▸ TASK GOAL
Repeat every entry word for word, skipping the pictures.
-=-=-=-=-
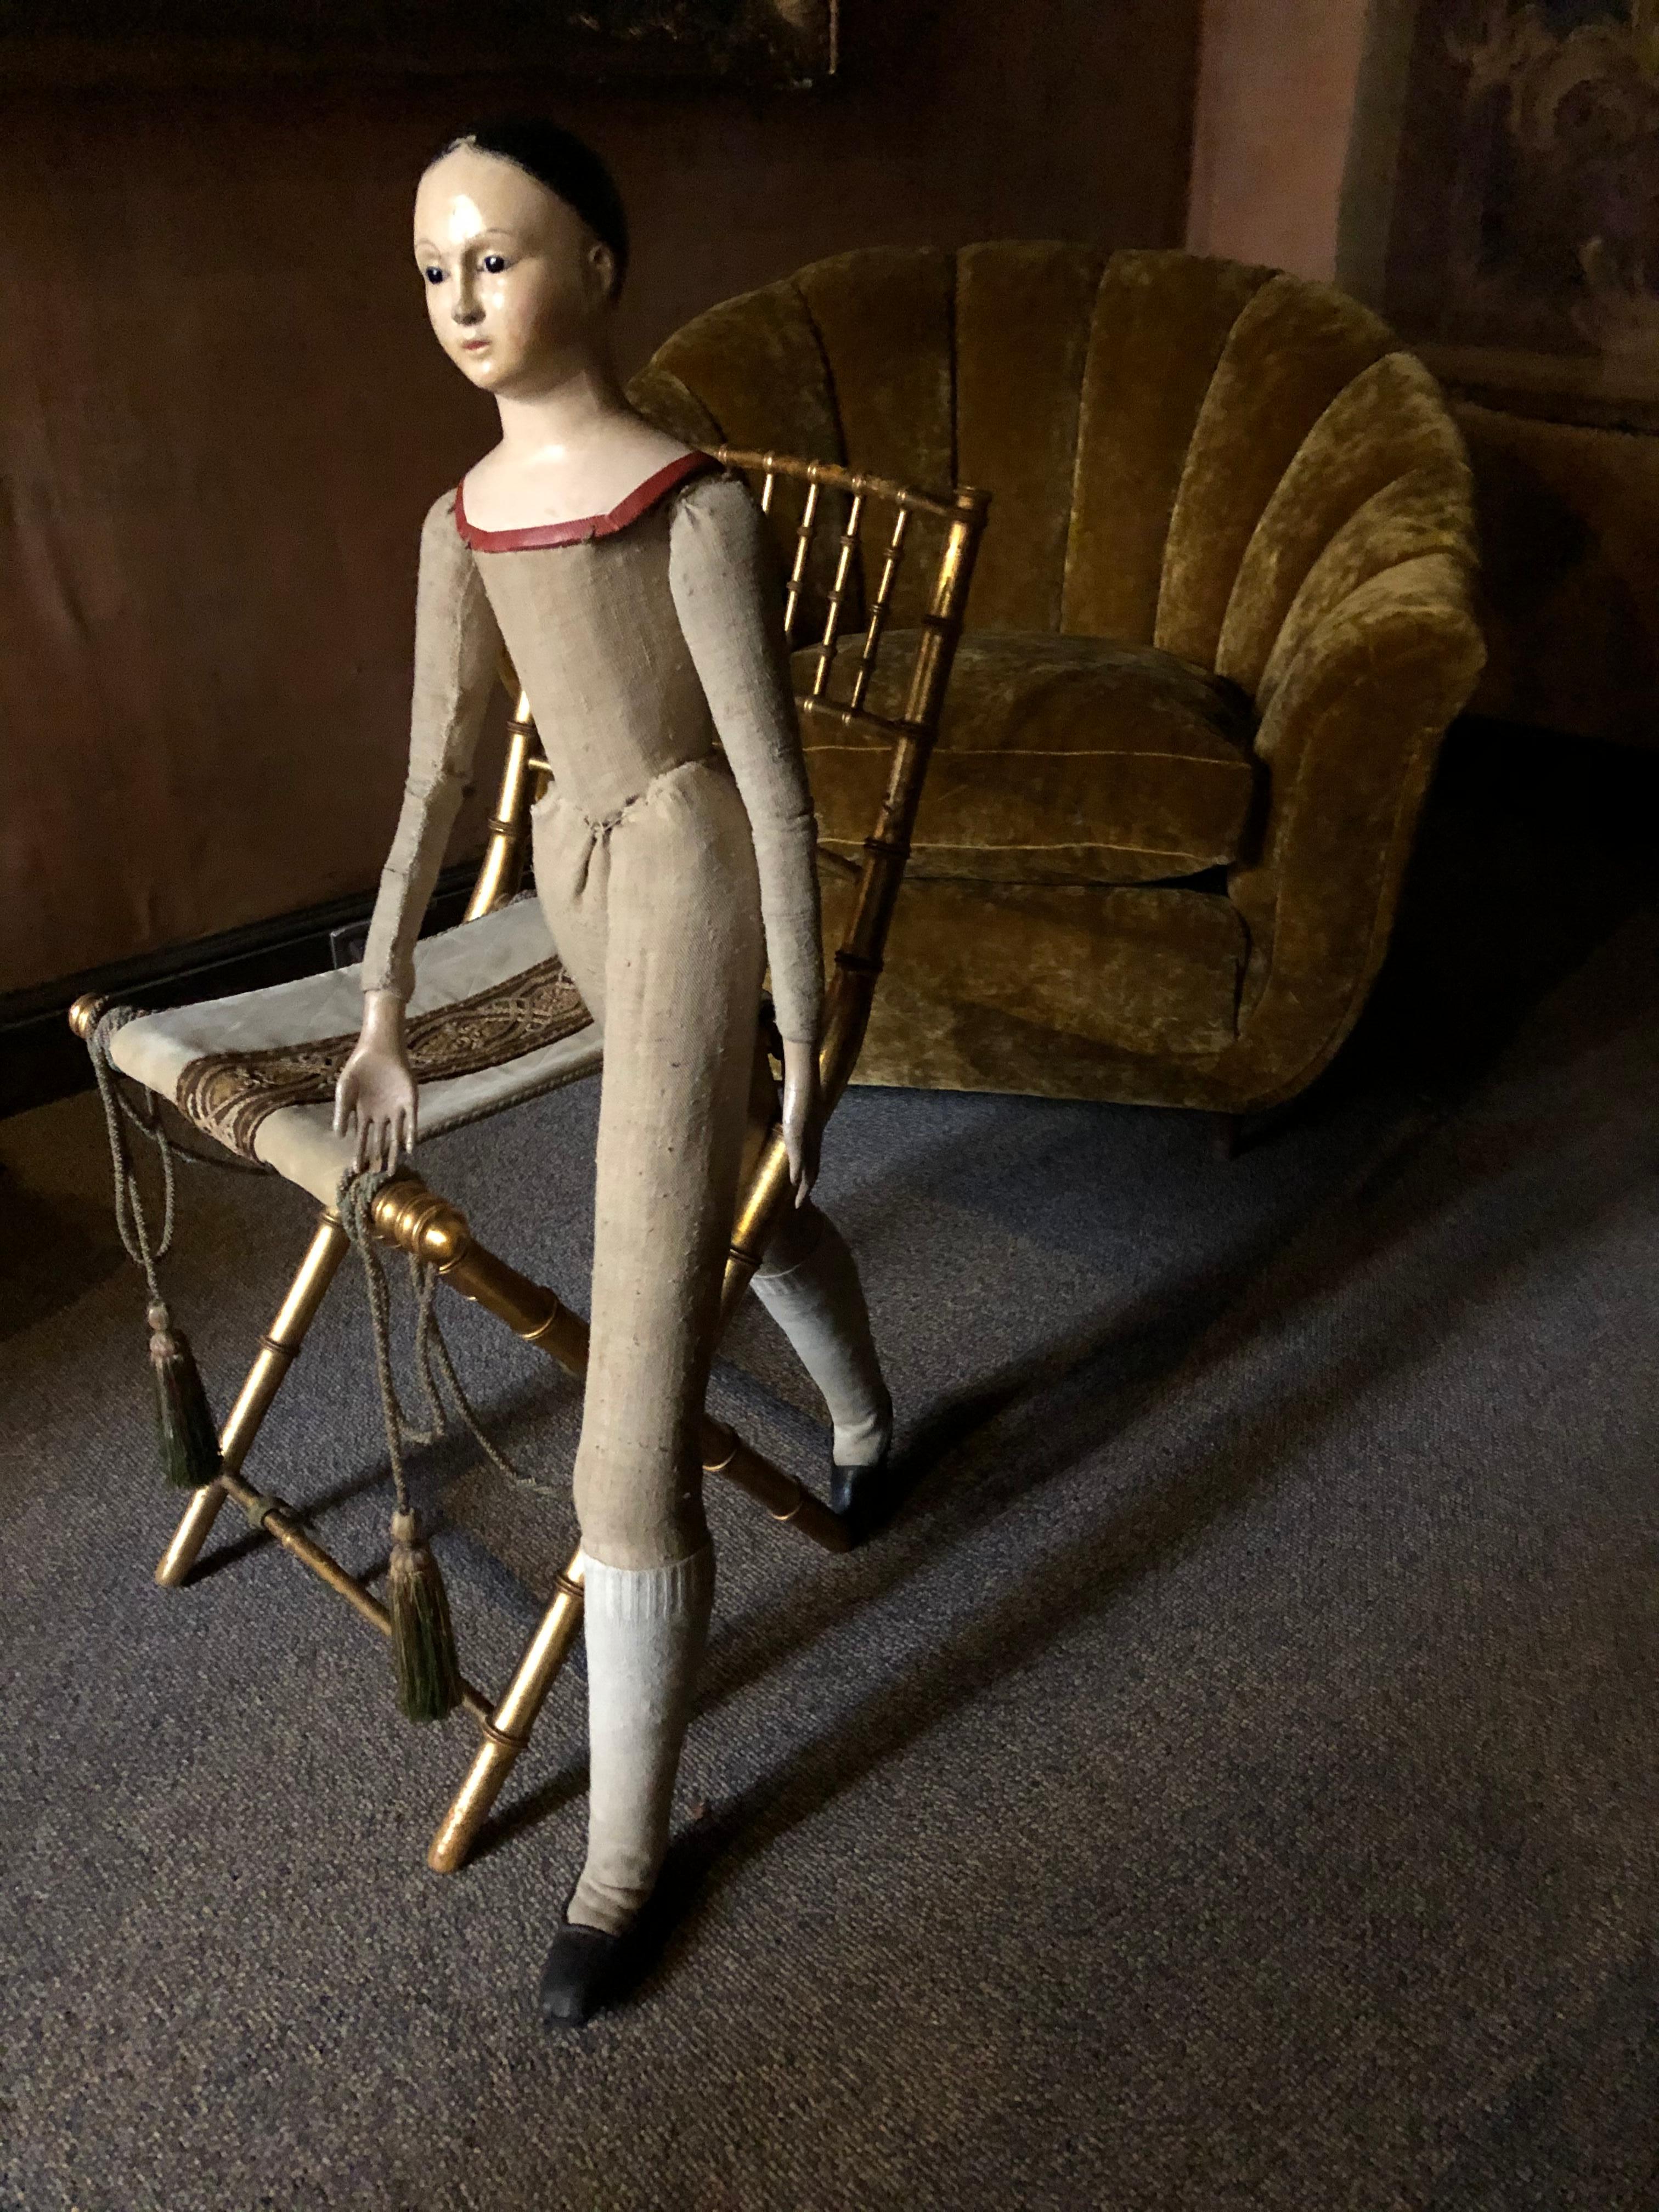 Early 19th century collector’s doll, polychrome papier mâché head from the famous Voit house
Body in wood and fabrics. The lines of the hand are sculpted.
Original stockings and shoes
Sulphide eyes,
circa 1800,
France.
-=-=-=-=-
▸ ANSWER TO THE EXERCISE
 Early 19th century collector’s doll, polychrome papier mâché head from the famous Voit house
Body in wood and fabrics. The lines of the hand are sculpted.
Original stockings and shoes
Sulphide eyes,
circa 1800,
France.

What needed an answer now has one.